Accession Number : ADA336967
Title : Finite-Difference Time-Domain Calculations Based on Recursive Convolution Approach for Propagation of Electromagnetic Waves in Nonlinear Dispersive Media
Descriptive Note : Final rept. May-Oct 97
Corporate Author : AIR FORCE RESEARCH LAB KIRTLAND AFB NMDIRECTED ENERGY DIRECTORATE
Personal Author(s) : Yakura, S. J. ; MacGillivray, Jeff
PDF Url : ADA336967
Report Date : 30 OCT 1997
Pagination or Media Count : 30
Abstract : The piecewise linear recursive convolution (PLRC) approach has been shown to provide much improved accuracy over the usual discrete recursive convolution approach while retaining the efficient use of computer memory storage and fast computational speed for finite-difference time-domain (FDTD) electromagnetic propagation calculations for linear dispersive materials. In this paper, an idea behind the implementation of the PLRC approach is extended to handle nonlinear dispersive media, specifically for the convolution integral that depends on the product of the electric field squared and the third-order electric susceptibility function. Compared to linear dispersive material, where one has a simple linear relationship for the next time step electric field as a function of the previous time step electric field, the nonlinear dispersive material case has a cubic equation for the next time step electric field as a function of the previous time step electric field. Consequently, the cubic equation must be solved at successive times to advance the electric field in the next time step.

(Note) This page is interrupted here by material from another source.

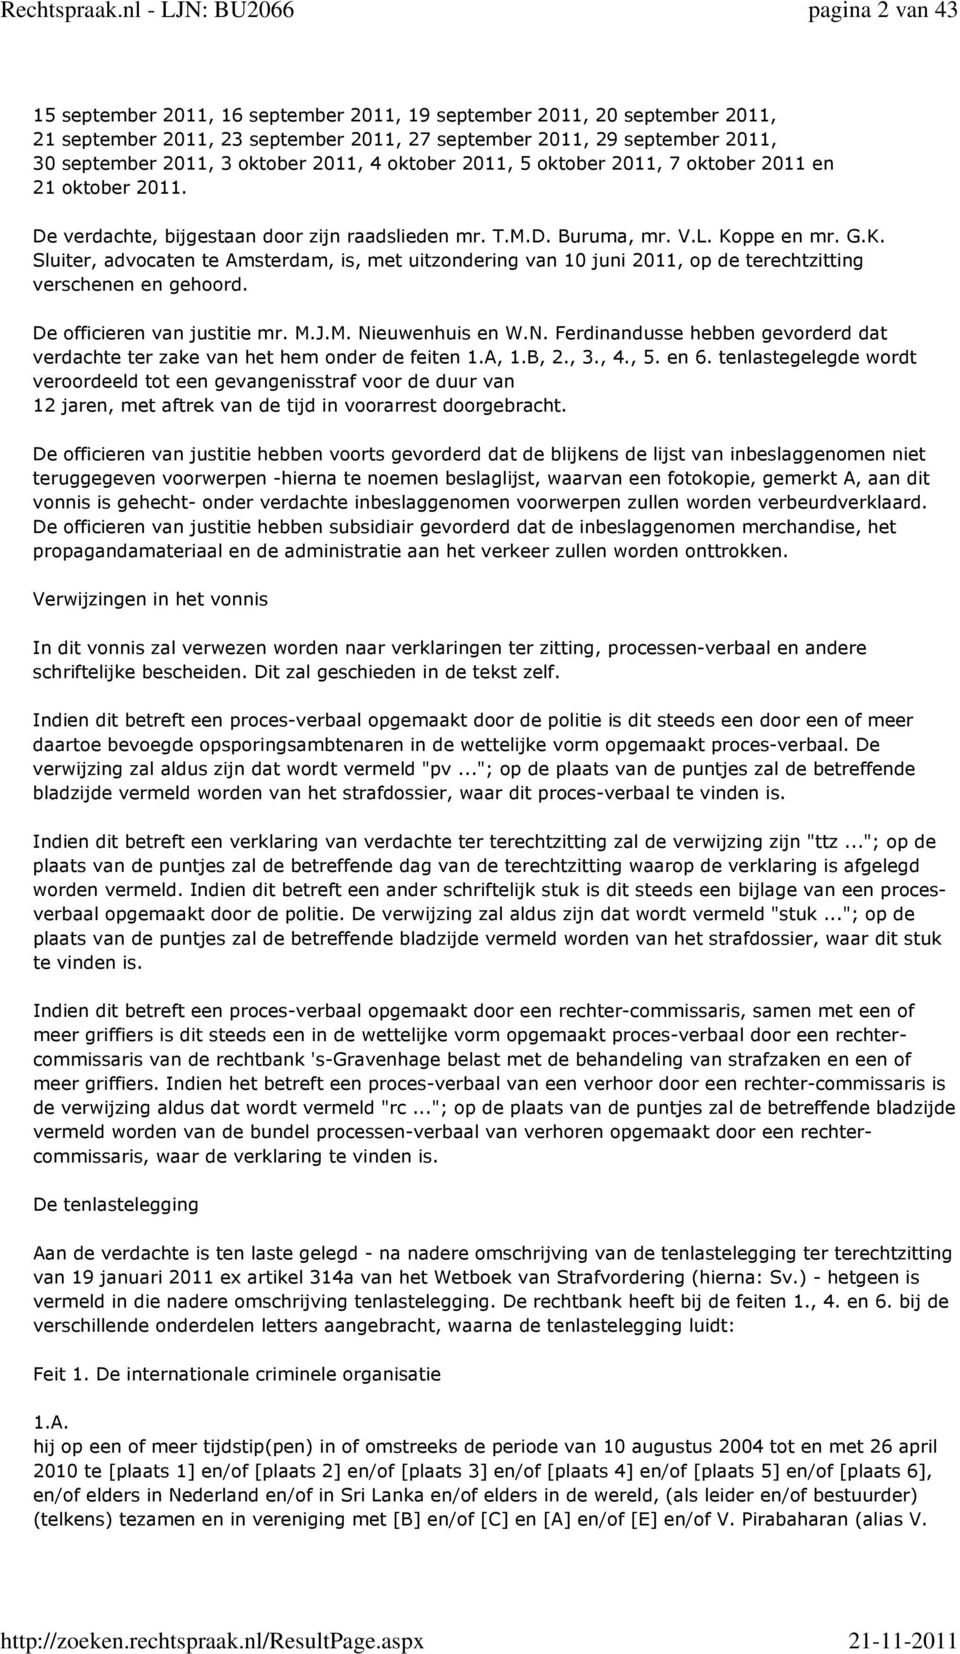 ppe en mr. G.K. Sluiter, advocaten te Amsterdam, is, met uitzondering van 10 juni 2011, op de terechtzitting verschenen en gehoord. De officieren van justitie mr. M.J.M. Ni

Descriptors : *ELECTRIC FIELDS, *NONLINEAR OPTICS, TIME DEPENDENCE, LASER BEAMS, FINITE DIFFERENCE THEORY, NONLINEAR SYSTEMS, LIGHT PULSES, RECURSIVE FUNCTIONS, LIGHT TRANSMISSION, MAXWELLS EQUATIONS, TIME DOMAIN, SOLITONS.
Subject Categories : Optics
Electricity and Magnetism
Distribution Statement : APPROVED FOR PUBLIC RELEASE